古墳の旅

飯田、まさかの古墳天国

御射山獅子塚古墳と風越山

今年の古墳は今年のうちに、と思い立ちまして、ただいま2020年12月31日、夕方の5時過ぎでありまして、この季節ともなると外はもう暗くなっているし、あとは紅白でも観て一杯やって今年も終わり、という呑気な時間なのでありますが、ああ、しかし、こないだ見てきた飯田の古墳のこと、まだ書き留めてないよなあ、今年の事は今年のうちに、今年の古墳は今年のうちにだよなあ、と年も押し迫ったこんな時間に、おもむろにこれを書き始めたのであります。

飯田に行ったのは2週間ほど前で、仕事があっていったのですが、思ったより早く仕事が終わったので、それじゃあ、この辺に古墳があったら見てこうかな、なんて思ってGoogle Mapで調べたわけです。

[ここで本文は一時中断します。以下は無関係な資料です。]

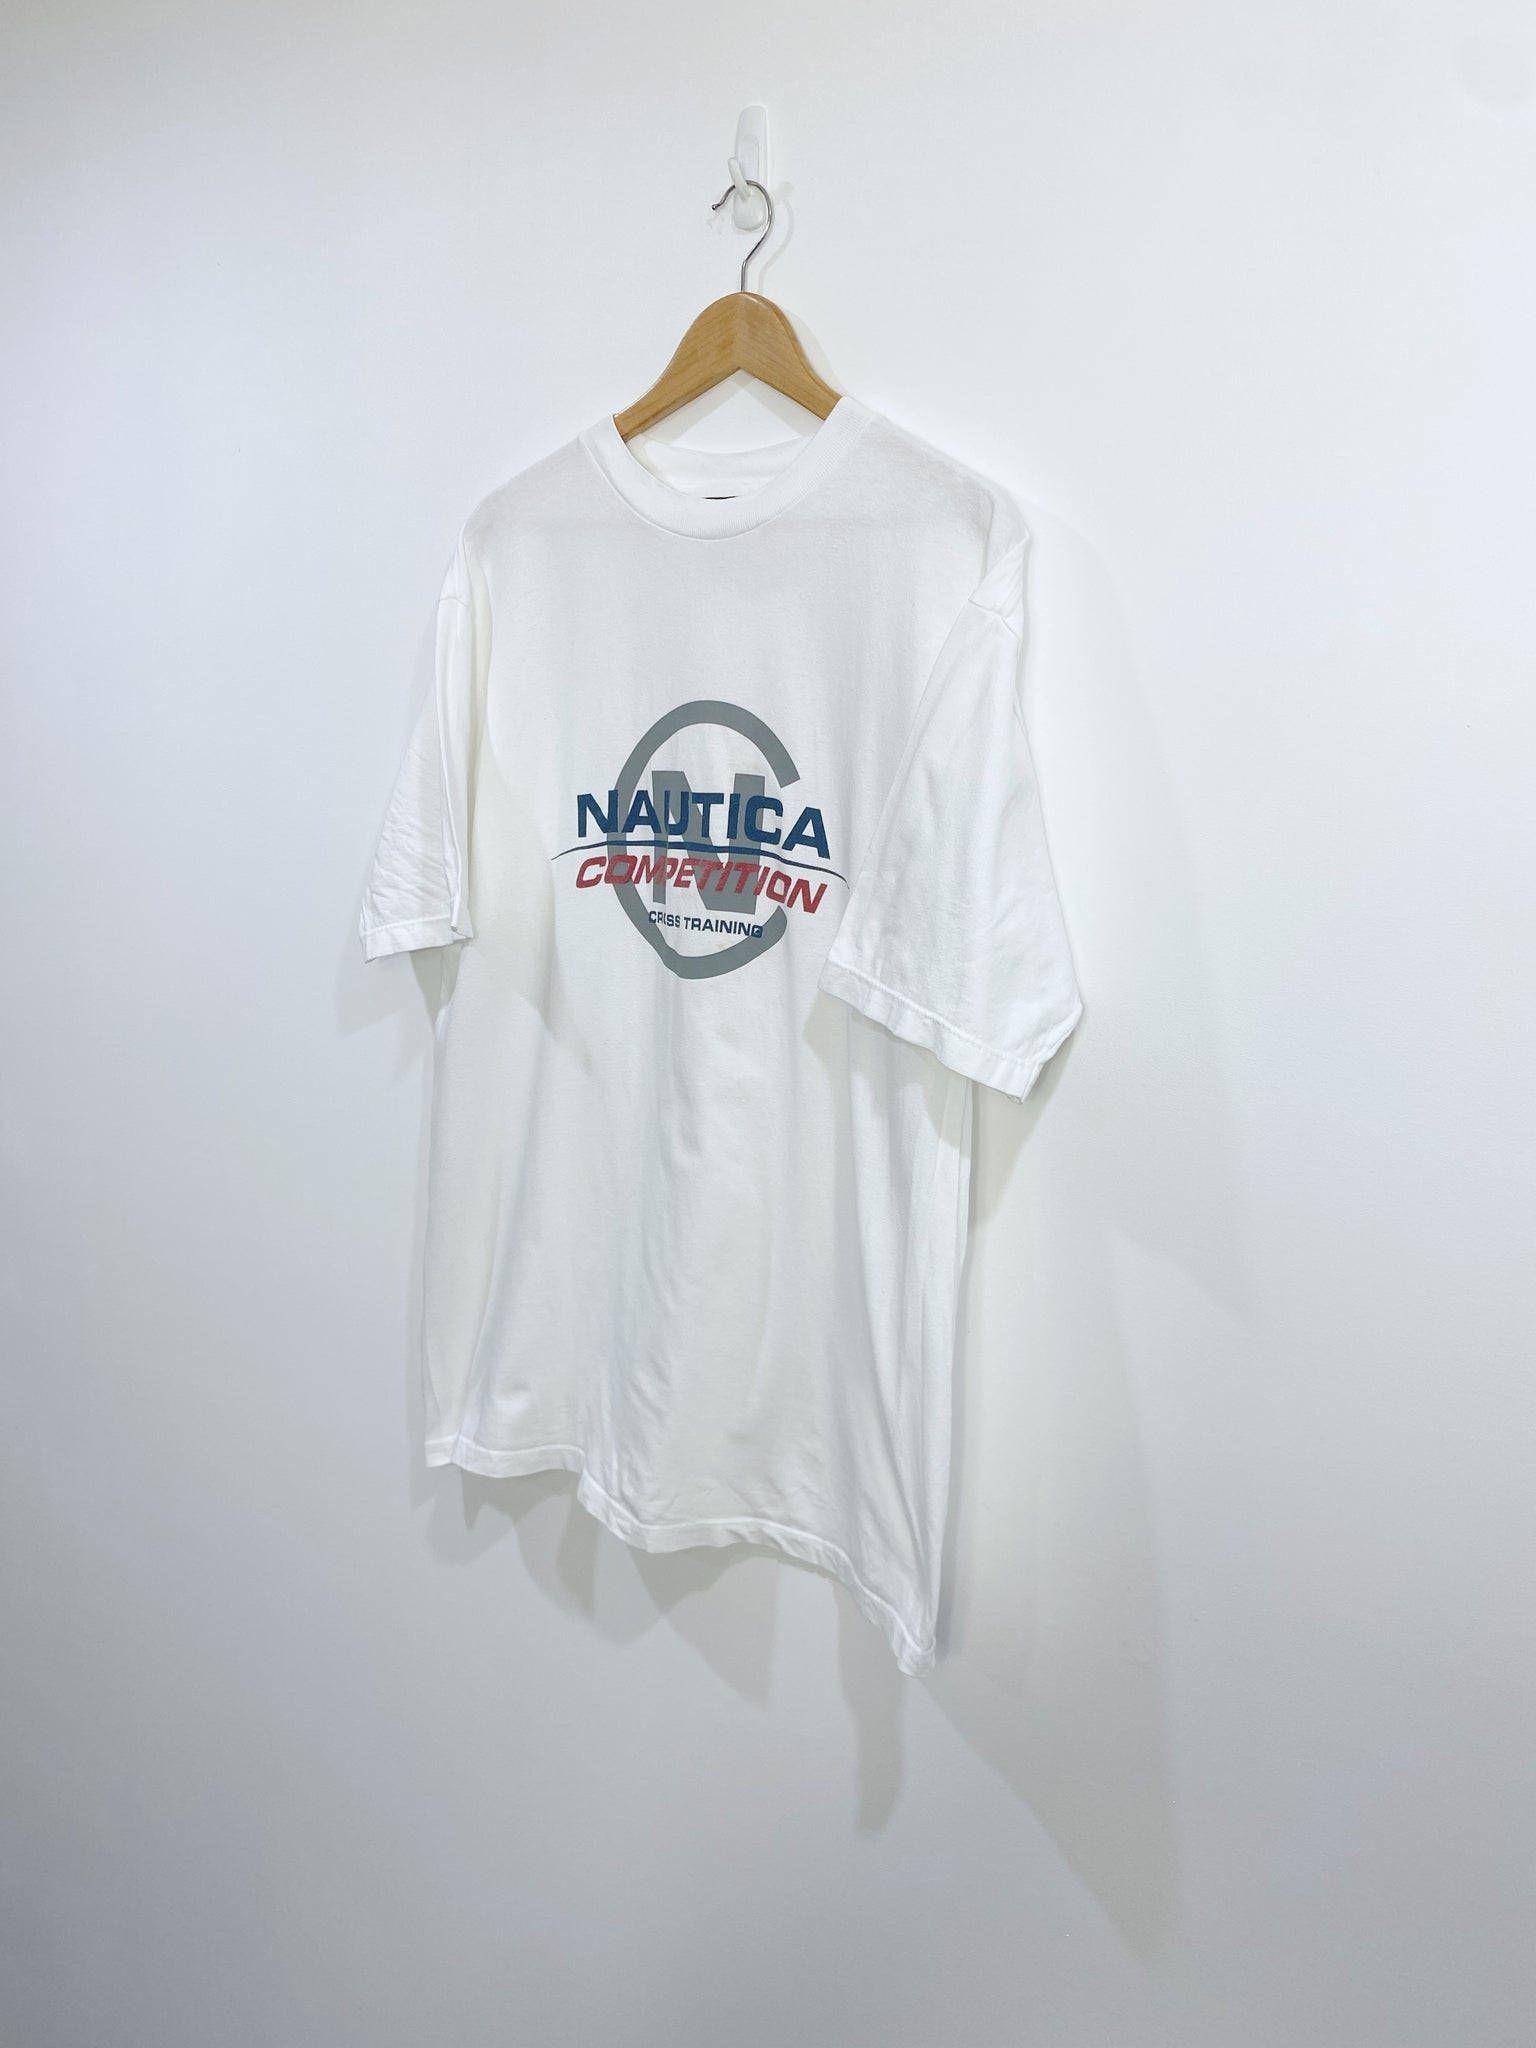 Vintage Nautica Competition T-shirt L

そうしたら、割と近くに一つの古墳がありまして、それじゃあ、と寄ってみたのです。

御射山獅子塚古墳

「どうせ円墳だろう」

なんて思って行ってみたら、その「御射山獅子塚古墳」、古墳の親玉、前方後円墳で、しかも古墳の向こうには飯田を象徴する山、風越山が望めるという、実に貫録のある古墳だったのです。

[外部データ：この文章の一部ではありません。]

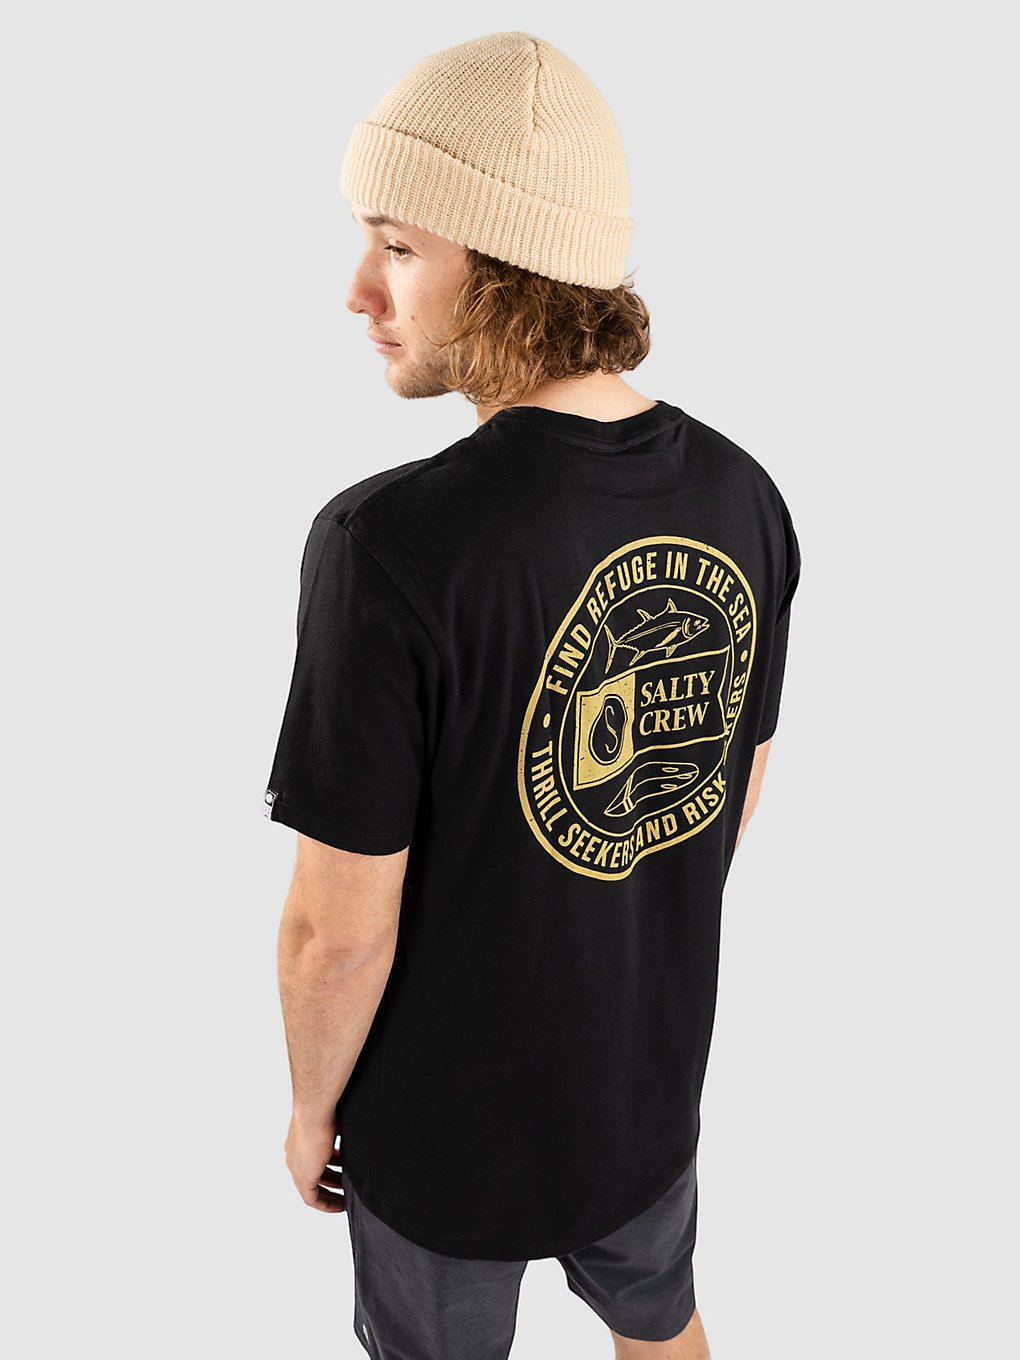 Salty Crew Legends Premium T-Shirt black kaufen

それに気を良くして、もう少し車を進めると、今度は道路わきにポコッと塚が現れて、あわてて車を道端にとめて覗きに行くと、これまた古墳でありまして、今度は立派な石室が開いているわけです。こちらの「おかん塚古墳」も元々は前方後円墳だったようですが、前方部分が削られてしまったようです。

おかん塚古墳

先程の御射山獅子塚古墳もこのおかん塚古墳も、古墳の周辺に現在のお墓が寄り添うように立てられていて、なんか古墳が今の生活の中に生きているようでうれしくなったのであります。

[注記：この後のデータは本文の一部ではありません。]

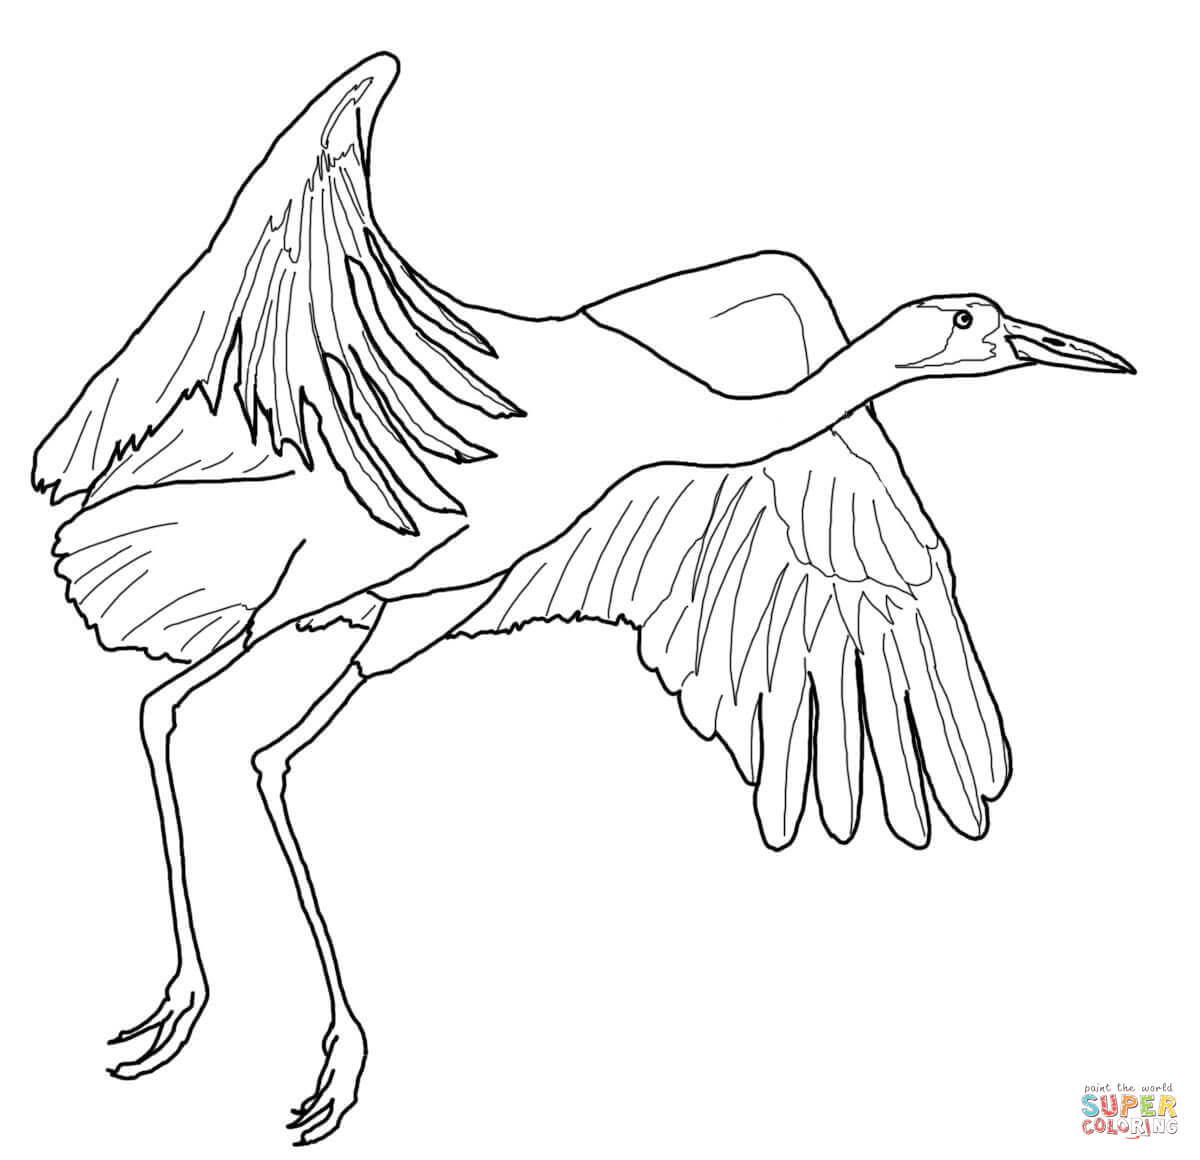 Siberian Crane coloring #17, Download drawings

さて、さらに気を良くして地図を見るとこの先に「飯沼天神塚(雲彩寺)古墳」というのがあります。なんだか素敵な古墳のようです。

「じゃあここも寄って帰ろう」

と車を走らせたのですが、この古墳、お寺の境内にありまして、門の前の駐車場に車を止めて、門まで歩いていくと、

「あれ、なんかここ来たことあるぞ」

という気がします。

こんな感じの門をくぐって、右手のガラスの縁側で昔、、、と思いつつ右手を見ると、ガラスの縁側があるじゃありませんか!

あ! ここ、来たことある!

驚きました。

ずいぶん昔、江戸時代の旅人、菅江真澄のことを祖父と調べていた時に、このお寺に伝わる「鈴」について真澄が旅日記に記してあるのを読んで、このお寺を訪ねた事があったのです。

そのとき、このガラスの縁側に上げて頂いてその「鈴」も見せて頂きました。

真澄の日記には

光前寺という寺があり、甲斐守であった信玄が所持された駅路の鈴というものがそこにある。伊那郡の雲彩寺にあった権五郎景政の古い調度品を見たが、この鈴もおなじものであった。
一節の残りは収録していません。